But while Grisham may not have been keen on telling the media what the president was up to when it was her taxpayer-funded job to do so, she’s happily dishing dirt now. Grisham is releasing a memoir next month called I’ll Take Your Questions Now: What I Saw in The Trump White House. I know nothing Trump-related should be shocking any more but I can’t get over the audacity of that title. It almost rivals OJ Simpson’s If I Did It. I’ll Take Your Questions Now? Well here’s a question for you, Steph! How does it feel to have zero morals whatsoever?
To be fair, Grisham never bothered to pretend that she cared about silly things like morality or accountability or public service. The 45-year-old’s journey to the White House started when she worked on Trump’s 2016 campaign; according to a New York Times profile she once told a reporter that she was “riding it until the money runs out”. Now, it seems, the Trump money has run out and she’s busy collecting the tell-all cash.

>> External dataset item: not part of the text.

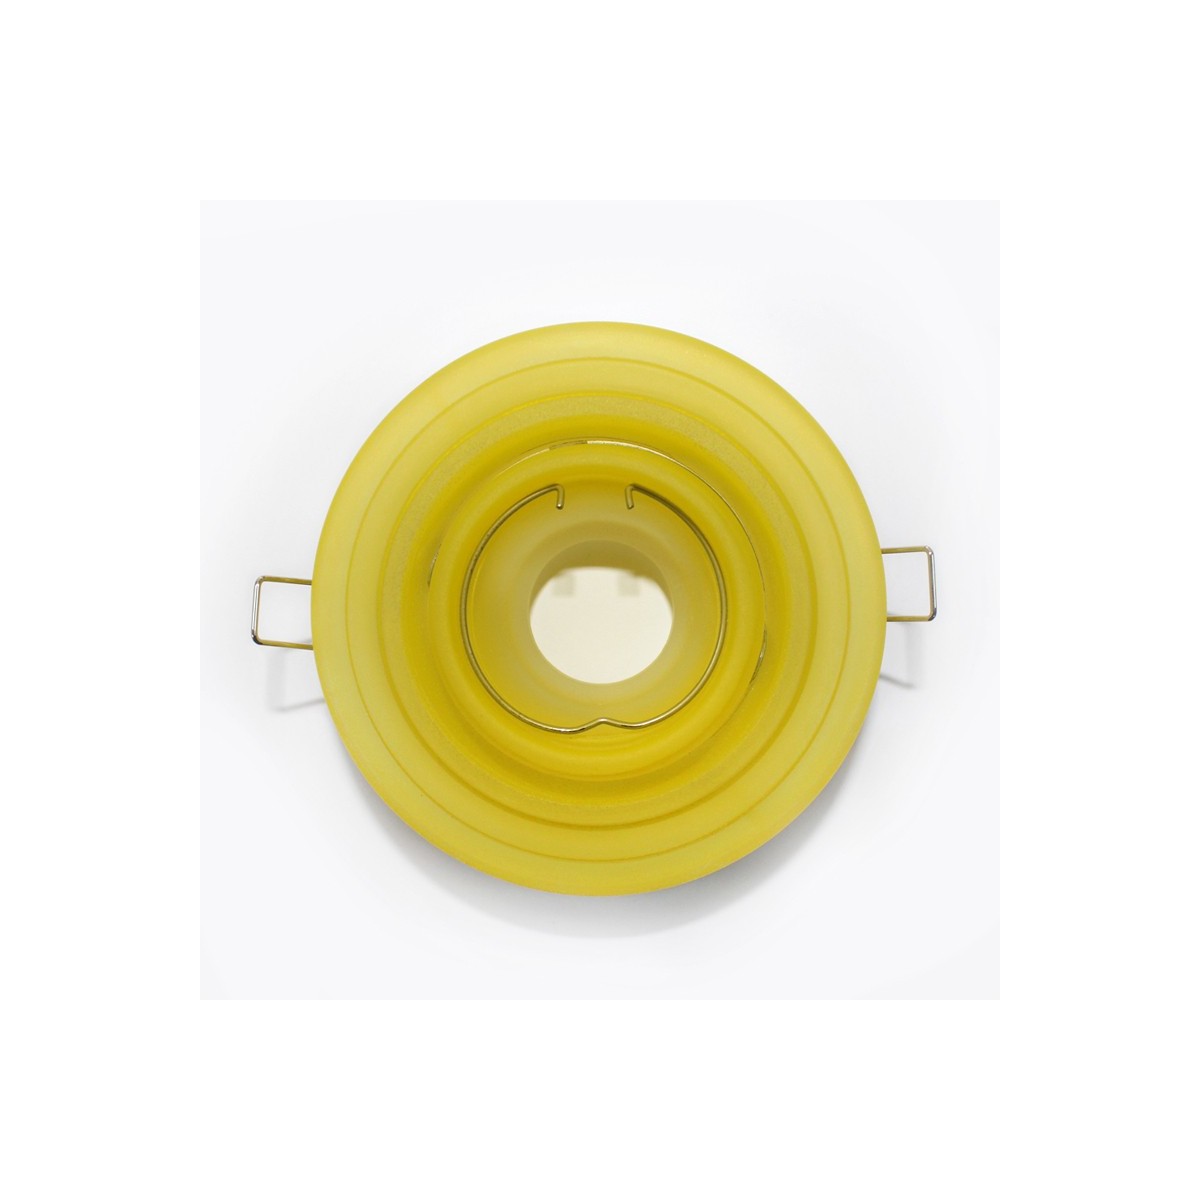 Empotrable basculante redondo escalonado cristal amarillo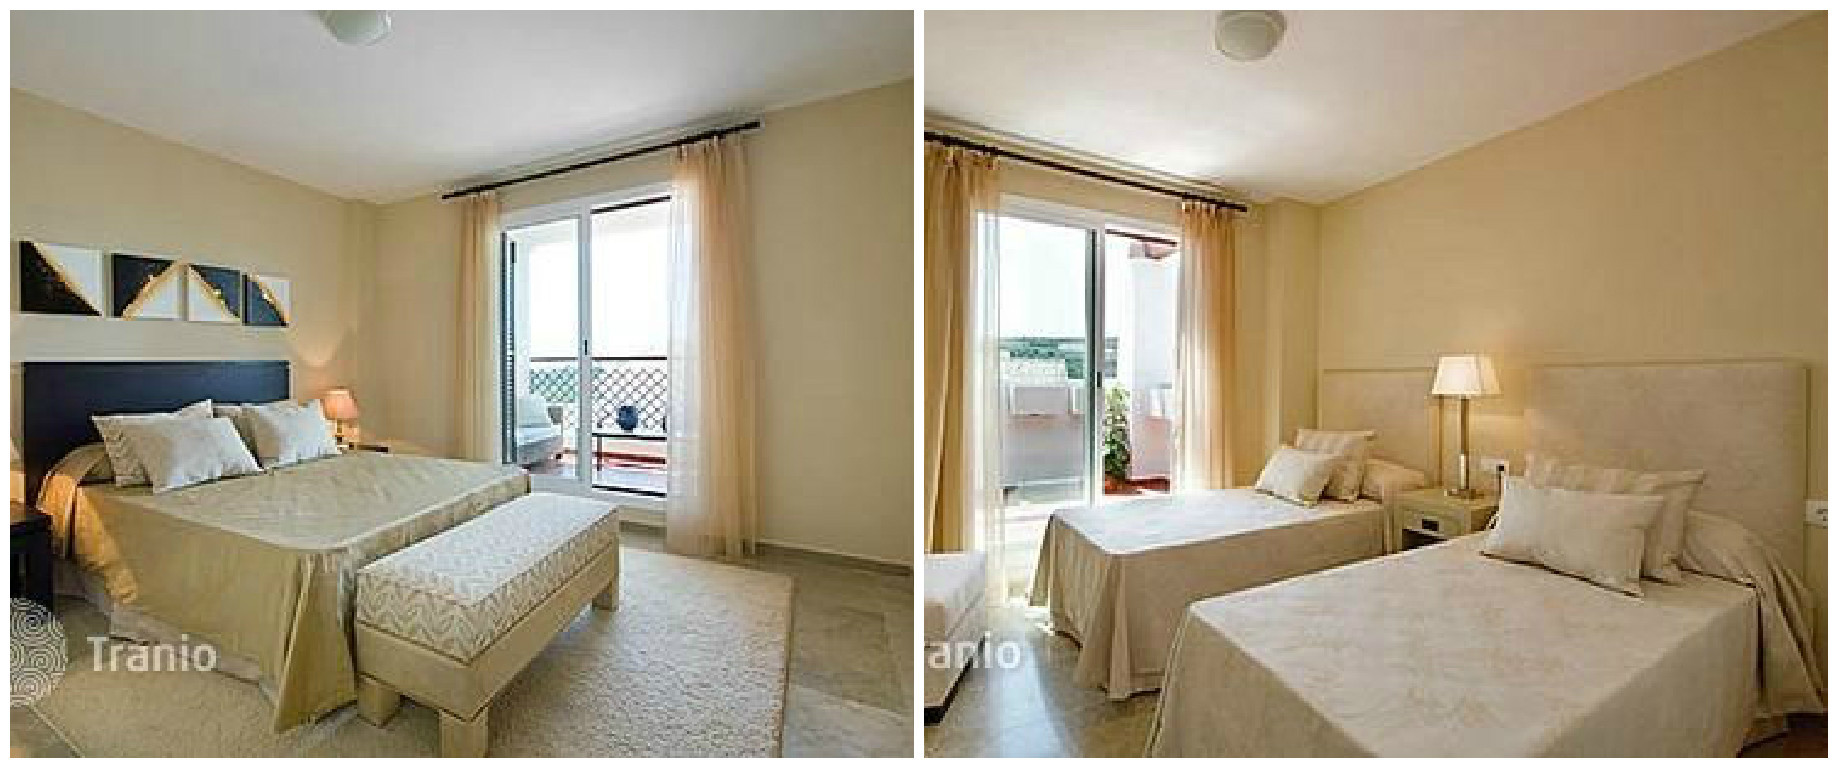 Двушка в Москве или роскошная квартира в курортном месте - цена одна! заграница, квартира, курорты, москва, недвижимость, сравнение

She’s hardly the first Trumper to have switched allegiances as soon as it became expedient to do so. It’s hard to keep track of the exposés by former Trump White House staffers. Michael Cohen, Trump’s former fixer, has written one. Trump’s former campaign manager Corey Lewandowski, and deputy campaign manager David Bossie, have written one. Miles Taylor, a homeland security official who caused a ruckus when he published an anonymous New York Times op-ed claiming there was a “quiet resistance” in the Trump administration, has written one. Jared Kushner is said to be writing the “definitive” account of the Trump presidency, out next year.
Every time a memoir by a former Trump staffer is announced it is marketed with words such as “bombshell”, “tell-all” and “scandal”. So far, however, none of these books have told us much we didn’t already know. Thanks to Lewandowski’s book we know Trump got his former aide Hope Hicks to steam his trousers … while he was wearing them. Cohen’s book told us – shocker! – that Trump said lots of very racist things. Taylor’s book “revealed” that everyone in the Trump administration complained about how badly run everything was. Nothing in any of these memoirs justifies their hypocritical authors getting a fat advance and a chance to whitewash their reputations.
Somehow I doubt Grisham’s opus will be any more illuminating. Anonymous sources have told Politico that the book contains secrets about Trump that not even Melania knows; but while that may sound juicy, all the content that has been fed to the press so far is embarrassingly banal. Grisham compares Melania to Marie Antoinette, apparently. That’s a very original and imaginative analogy; nobody has ever thought of that one before! Grisham also apparently reveals that Melania didn’t want to put out a statement condemning the 6 January riots; which is hardly news to anyone paying attention.
You know what secret I wish Grisham would reveal? How on earth she has managed to fail upwards so spectacularly throughout her career. Grisham, it has been reported, managed to lose a private-sector job after being accused of filing false expense claims, and then lost another job after being accused of plagiarism. She has also been arrested for driving under the influence. All those things would have been a career impediment to most people, but they didn’t stop her from landing one of the most prestigious gigs in politics. She did a terrible job at that, but has still managed to get a (presumably lucrative) book deal. Truly, it’s a charmed and baffling career trajectory.